**Dplyr** is one of the most popular r-packages and also part of **tidyverse** that's been developed by Hadley Wickham. The mere fact that dplyr package is very famous means, it's one of the most frequently used. Being a data scientist is not always about creating sophisticated models but Data Analysis (Manipulation) and Data Visualization play a very important role in BAU of many us - in fact, a very important part before any modeling exercise since Feature Engineering and EDA are the most important differentiating factors of your model and someone else's.
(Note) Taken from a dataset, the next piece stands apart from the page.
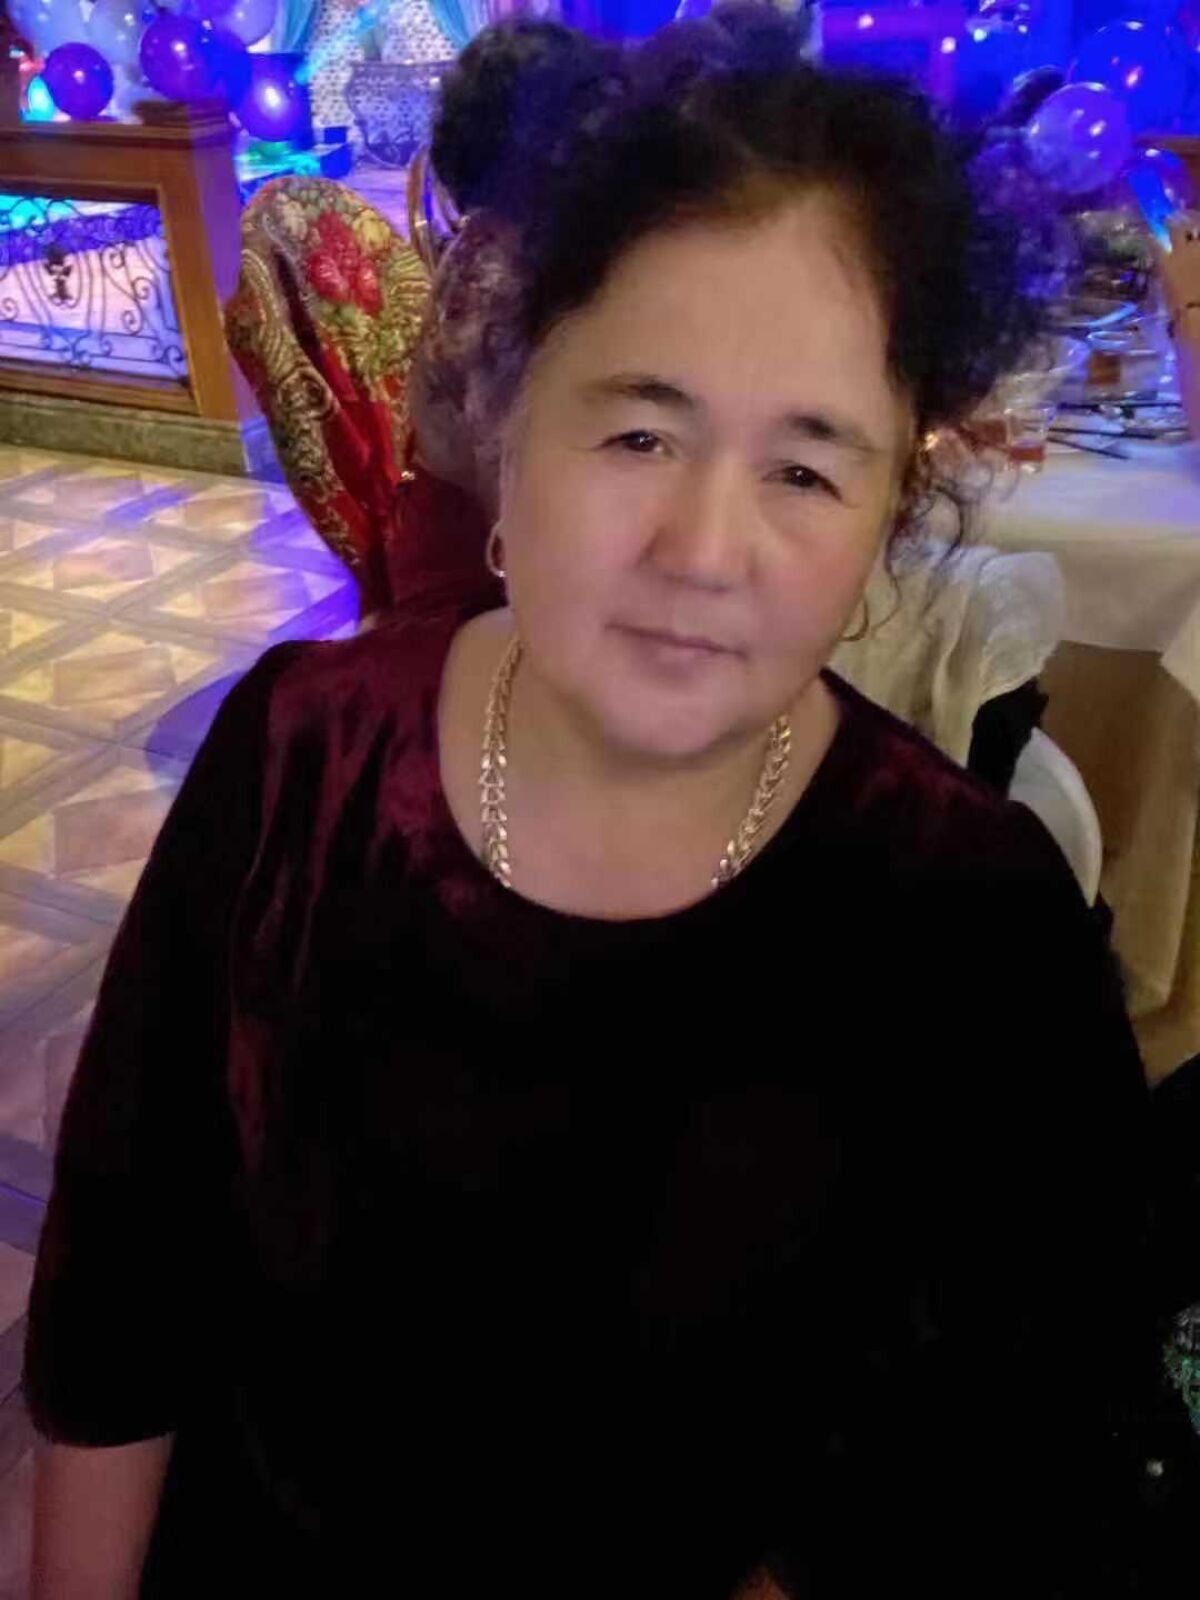 Zulhayat Yaermaimaiti's mother, who lives in Xinjiang, has suffered high blood pressure, heart disease and poor mental health since the detentions of her husband and son.

Hence, this notebook aims to bring out some well known and not-so-well-known applications of dplyr so that any data analyst could leverage its potential

In [1]:
# This R environment comes with all of CRAN preinstalled, as well as many other helpful packages
# The environment is defined by the kaggle/rstats docker image: https://github.com/kaggle/docker-rstats
# For example, here's several helpful packages to load in 

library(dplyr) # Loading Dplyr package

# Input data files are available in the "../input/" directory.
# For example, running this (by clicking run or pressing Shift+Enter) will list the files in the input directory

system("ls ../input")

# Any results you write to the current directory are saved as output.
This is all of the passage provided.